Update Drivers and Firmware

As you know I’m very picky when it comes to maintenance. If I see cases where System and/or Storage administrators have basically been slacking for a long time the chances are very high that I will tell you that and commence diagnosing issues as soon as these things are all up to date. You wouldn’t know the sheer amount of issues that have been resolved in firmware and drivers over any given time-period.

That being said going to the Linux side of the Emulex (or Broadcom) drivers for the LP31000/LP32000 cards which are very popular in many form-factors.

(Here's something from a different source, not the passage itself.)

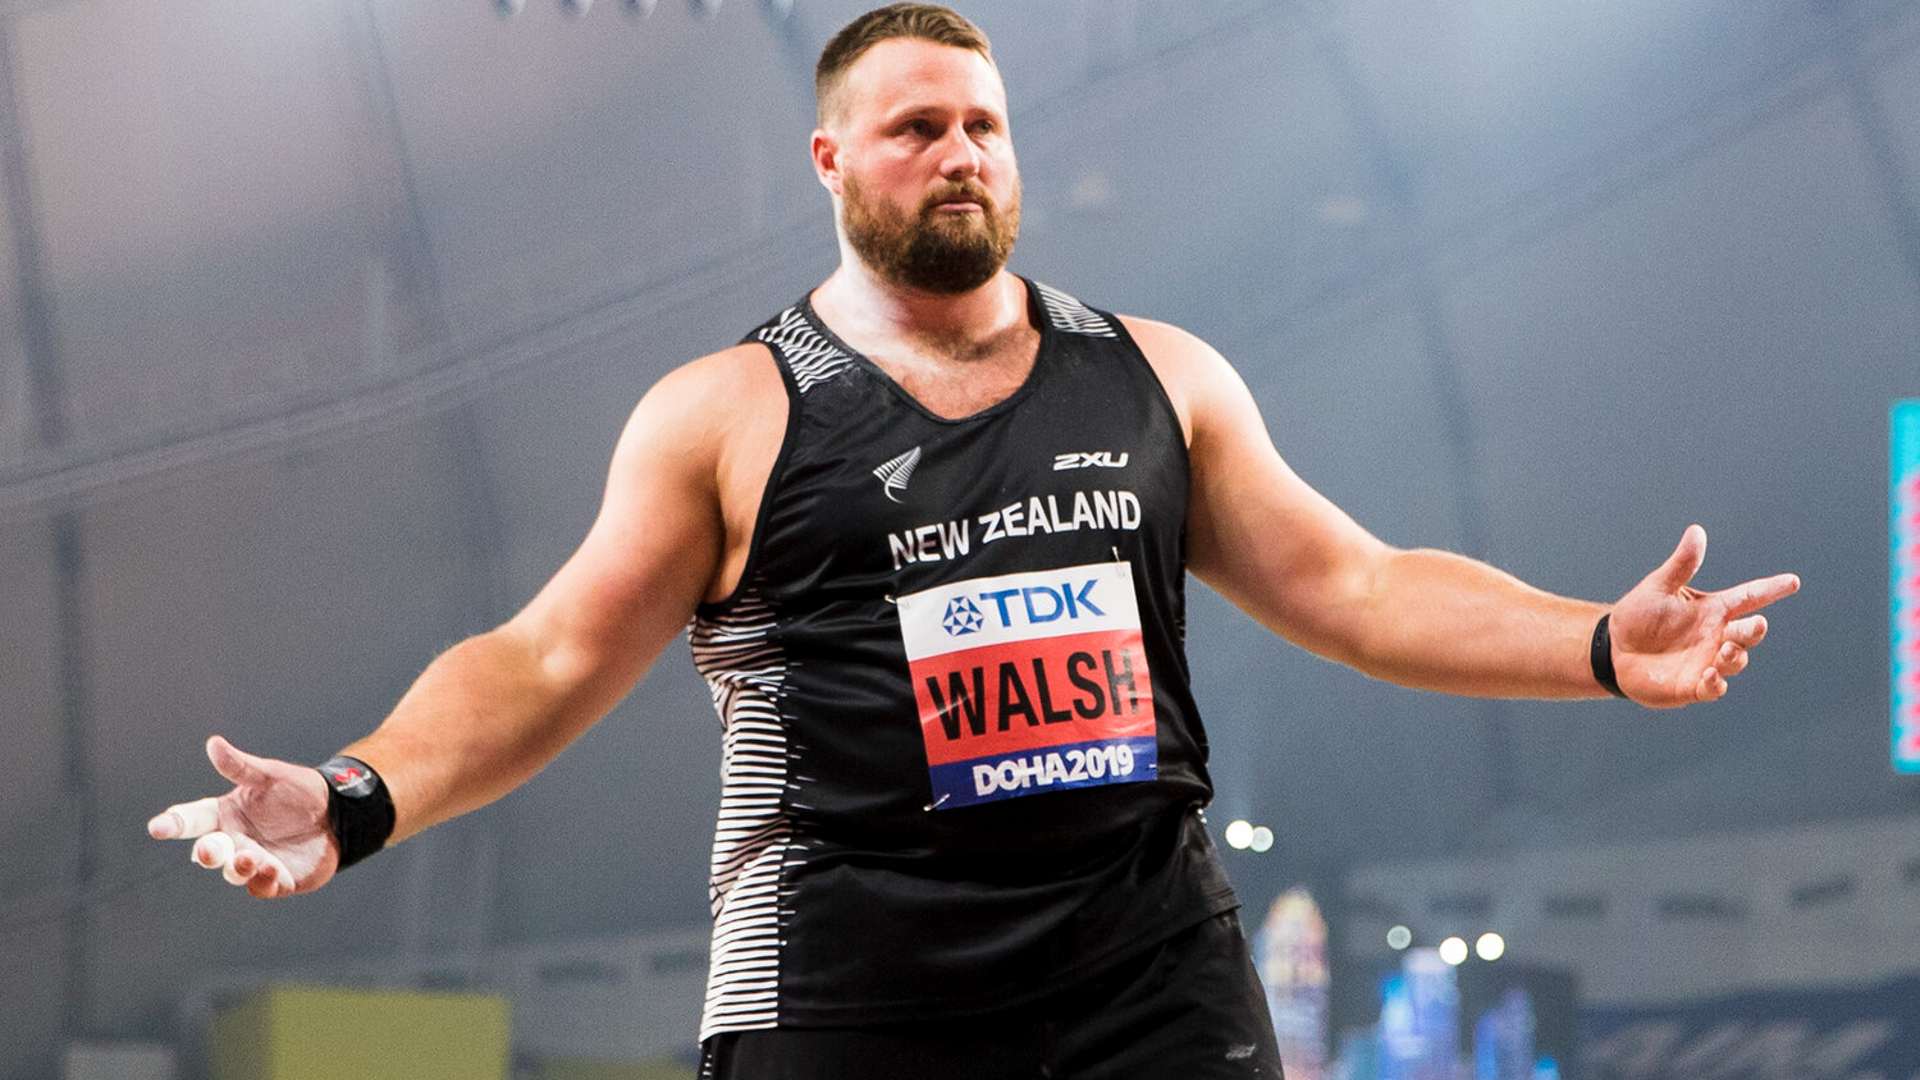 Tom Walsh in Doha 2019 (Image Credits - Instagram/ @tomwalshnzl)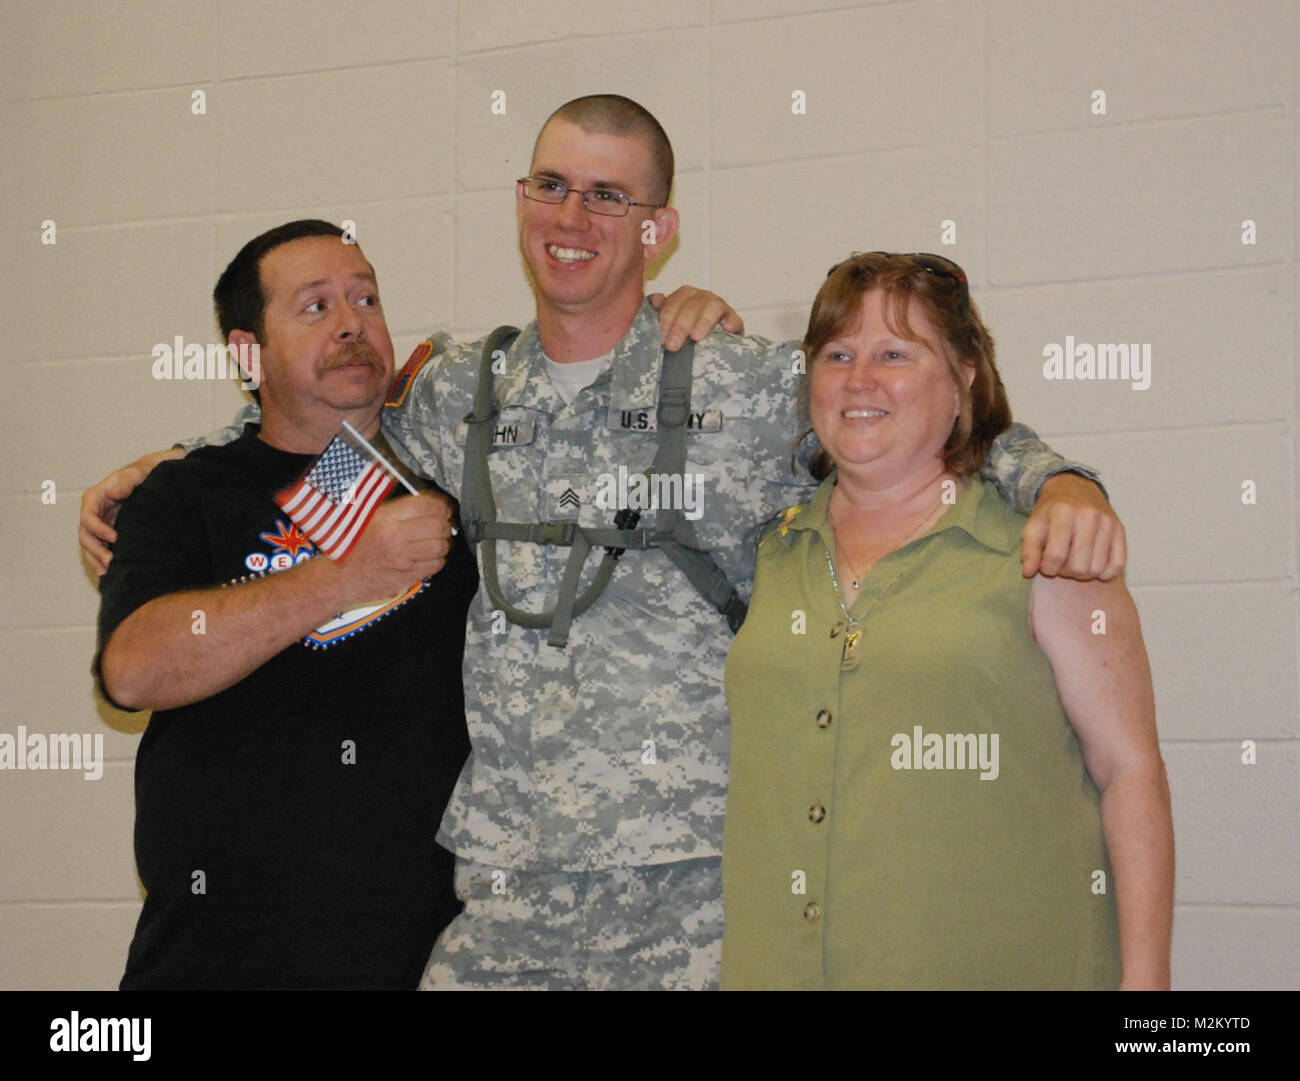 MINDEN, La. –Louisiana National Guardsman Sgt. Travis L. Hahn of the 1083rd Transportation Company, 165th Combat Sustainment Support Battalion, stands with his parents at a deployment ceremony at the Minden Civic Center in Minden, La., May 27.  The 1083rd will be deploying for a year in support of Operation Iraqi Freedom.  (U.S. Army Photo by Sgt. Beyonka D. Joseph, Louisiana National Guard State Unit Public Affairs Representative) Louisiana Guardsmen deploy in support of Operation Iraqi Freedom by Louisiana National Guard Stock Photo

The driver will show as an lpfc module and is by default compiled into a ramfs image when installed. This will allow the card to be used in a boot-from-san variation if needed. The module will load as such and register with the scsi-subsystem

lpfc 978944 81
nvmet_fc 32768 1 lpfc
nvme_fc 45056 1 lpfc
scsi_transport_fc 69632 1 lpfc

With the most recent versions of the driver it will also provide an NVMe_oF initiator and target so that NVM equipment can be utilized when attached to a FC fabric.

Logging

Loggin with an Emulex card can be done on the driver level as well as the HBA firmware. Unless you get some instructions to do so leave the firmware logging as is. Mainly because changing these parameters will require a reload of the driver that basically instructs the firmware logging facility to capture data in some host memory region. Obviously that will involve some engineering efforts to diagnose anyway so that will not be very helpful to yourself or your OEM support-organisation unless it needs escalating to Emulex.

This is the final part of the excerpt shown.